Втроем в землянке было тесно и жарко от печки, тускло горела лампочка. Волдырь с Митей плечом к плечу уселись на нары, а Слива разместился на пне. Передавали друг другу кружку с горячим черным чаем.

– Дело розыскное заведено, пока труп твой не нашли, – рассказывал Митя. – Должен был следователь приехать с группой, но что-то у них там случилось, отложили на пару дней. Лодка твоя на берегу так и валяется, вещдок называется! А нам сообщили, что уже точно – зимой, как лед встанет, бригаду привезут лес валить для стройки. С епархией решили, что пожарище снесут, часовенку на память отстроят. Рождественскому… или Преображенскому, короче, олигарху этому, землю администрация сдает в аренду аж на сорок девять лет…

– Во дают! – встрял Волдырь. – Тут не знаешь, что завтра случится, а они сто лет жизни себе намерили!..

– Жаловаться нам, по всему видать, некуда, – гнул свое Митя, – словами делу не поможешь. Будем пока жить, как жили, а там посмотрим. Лично я терпеть не стану. Разведу саботаж и партизанщину… Петюня Орешкин, буржуйский подпевала, радуги рисует, мол, рабочие места будут, свет проведут, инфраструктура! А какие рабочие места? Дворник, сторож, банщик-истопник? Любку уборщицей? Свет и при Союзе-то не провели, а теперь подавно. В лучшем случае закопают в землю дизель, а мне он без надобности. У меня свой генератор есть. Инфраструктура! – Митя раздражался все сильнее. – Что это вообще такое, инфраструктура? Винный магазин и снегоходы напрокат? Не-е, в гробу я видел весь этот турбизнес!

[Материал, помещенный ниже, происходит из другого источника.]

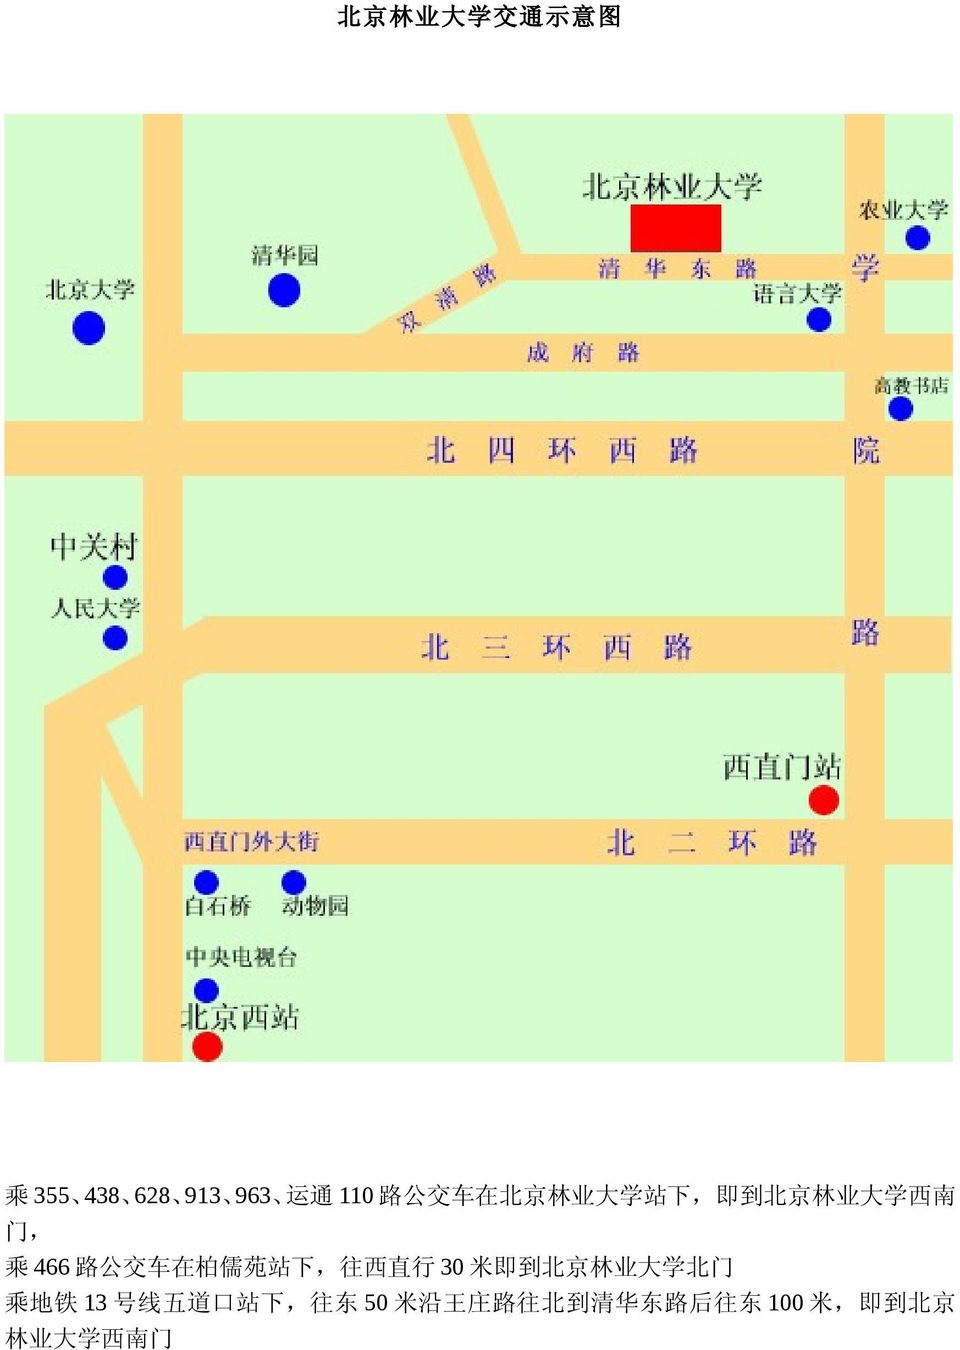 站 下, 往 西 直 行 30 米 即 到 北 京 林 业 大 学 北 门 乘 地 铁 13 号 线 五 道 口 站 下,
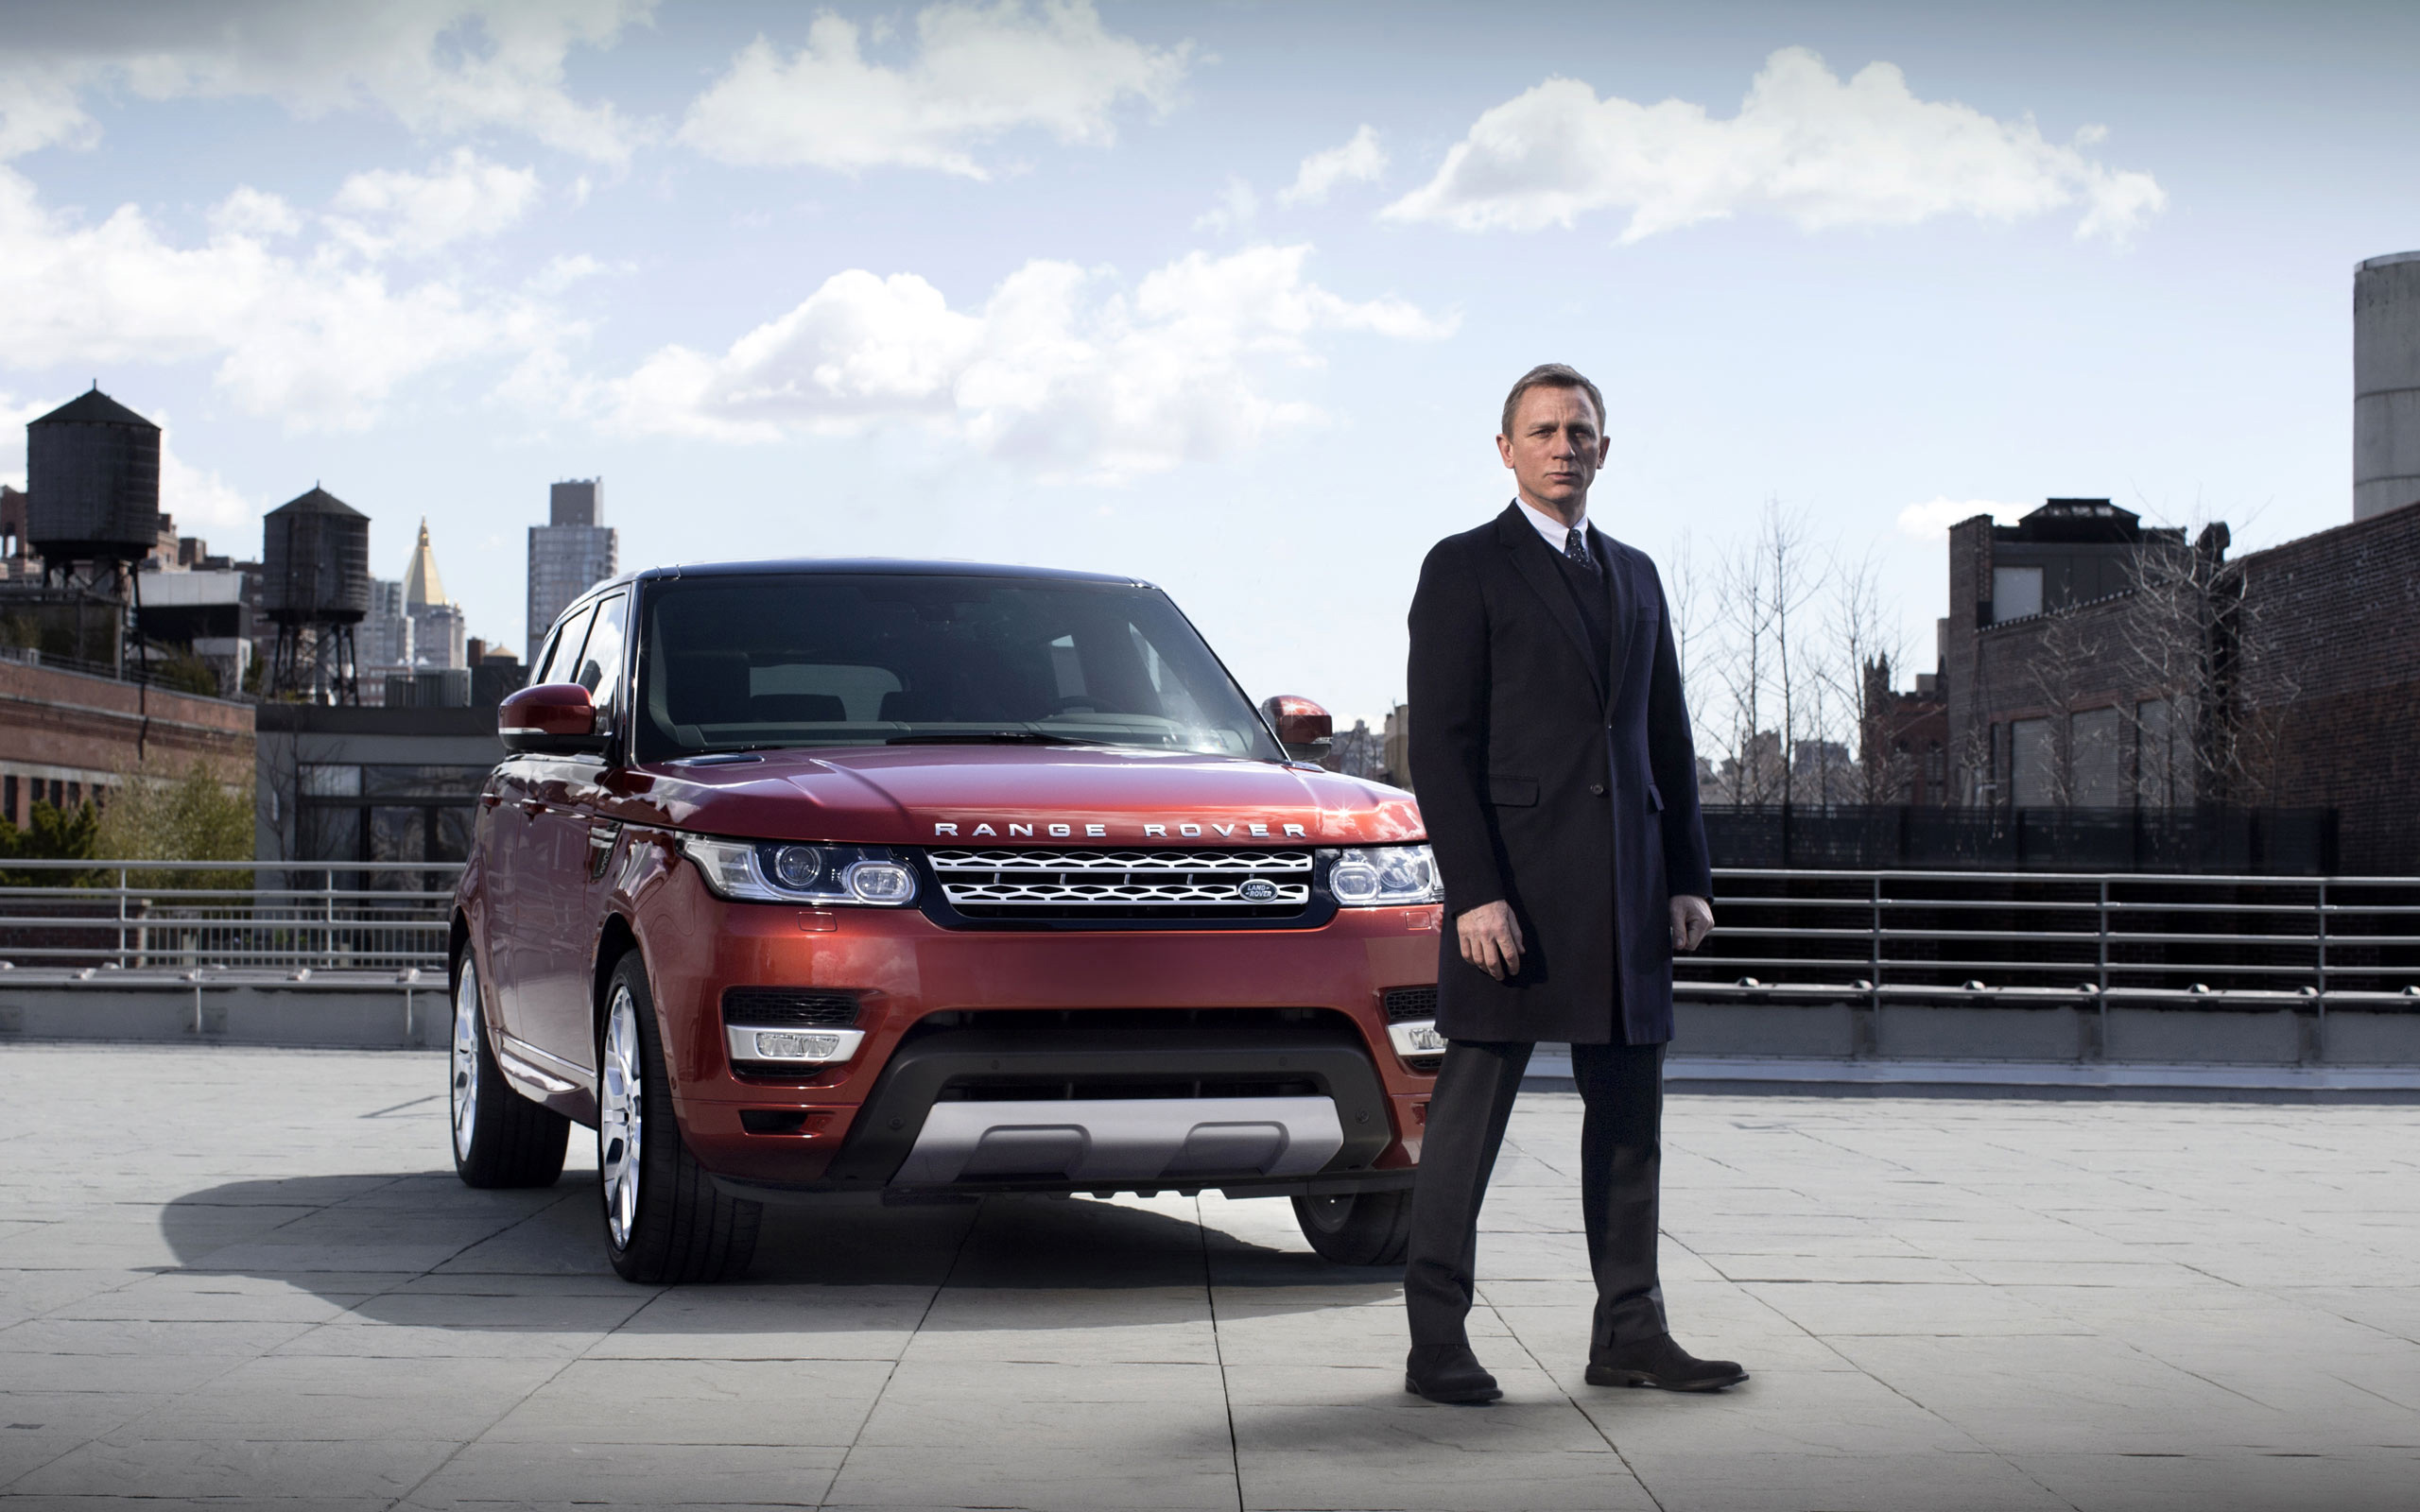 James Bond Range Rover Sport All For

– Засрут весь остров, – вздохнул Волдырь, – будем как индейцы в резервации. Еще и рыбу заставят сдавать, как при рыбколхозе. Вот я читал про американских оджибуэев…

– Ну, это уж во! – И Митя покрутил у Волдыря под носом фигой.

– Саботаж, говорите, и партизанщина? – задумчиво спросил Слива. – Тогда давай начнем с лодки. Хочу ее на Конский вернуть незаметно, пусть ищут. Все равно не верят, что я утонул. Поможешь, Дмитрий Иваныч?

– Можно и вернуть, – согласился Митя. – Вот сеточки выставим, дядю Вову оставим сторожить, а сами на Конский скатаемся! Будете теперь с ним по очереди тут дежурить. Николаич, оставайся, ты постарше – горя больше видел, а мы со Славой лодочку его в монастырь оттащим.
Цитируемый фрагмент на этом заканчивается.